Both Muslim and Christian leaders have been committed to inter-faith collaboration.

“HIV/AIDS does not discriminate by religion,” noted Zipporah Kpolmar, CEDPA’s Deputy Country Director.

When armed with the right information religious leaders can make a huge difference and they are being prepared to rise to the challenge.

I have faith that these leaders will be a part of the solution. For more on how to work with faith-based groups, you can order our manual, Faith Community Responses to HIV/AIDS: Integrating Reproductive Health and HIV/AIDS for NGOs, FBOs & CBOs.

 

“Go-Slow” Slows, but Does Not Halt Progress

June 24, 2005

The distance from the airport and the center of town in Lagos is a mere 22 kilometers (13 miles).

I sat today in the car on a 2-½ hour drive from the airport to my first appointment of the day, managing just barely the immense frustration I felt at the slow pace of traffic, referred to locally as "go-slow."

I had spent the better part of the week in Abuja, the federal capital meeting with staff members, partners and donors. Signs of progress and hope are evident stand in contrast to my last visit to Nigeria several years ago. For one, there was no sign of the petty corruption that made a trip to the airport a stomach wrenching experience.
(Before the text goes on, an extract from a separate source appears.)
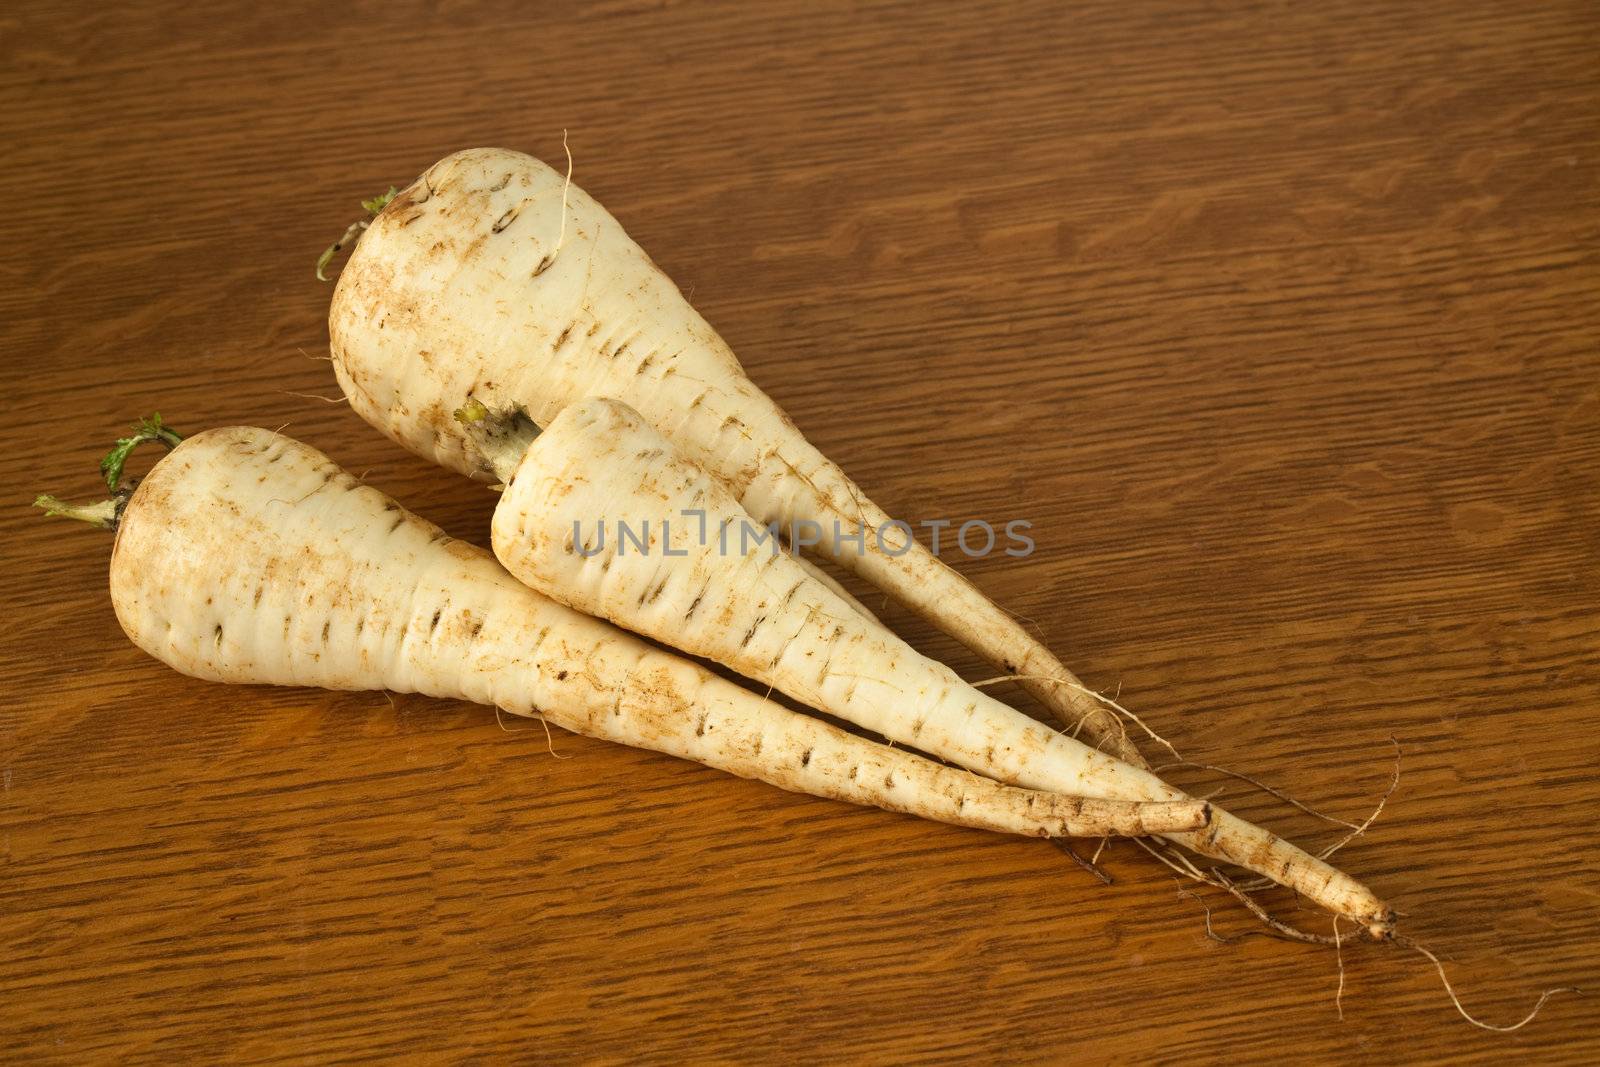 Three parsnips on a table ready to be prepared for a meal

Abuja functions at a soft purr and is now firmly established as the country’s political seat. The government has drafted a comprehensive development plan and donors and multi-lateral agencies are falling in line behind it. But my trip to Lagos was a stark reminder that there remains much to do in this country, the seventh largest in the world. Lagos remains the commercial center and a place of uneasy vitality and the physical deterioration and neglected infrastructure symbolize remaining challenges.

Thus, these two cities tell the story of Nigeria’s two realities—immense political progress, but enormous social and economic challenges.

As the rain began to fall shortly before I finally arrived at the place of my first meeting, I resigned myself to an even longer return trip back to the airport.

I could rejoice for the farmers whose productivity is rain dependent, while knowing that the same rains virtually haunt progress in the city. But I settled in the feeling that progress would not be slowed indefinitely and Nigeria is moving forward.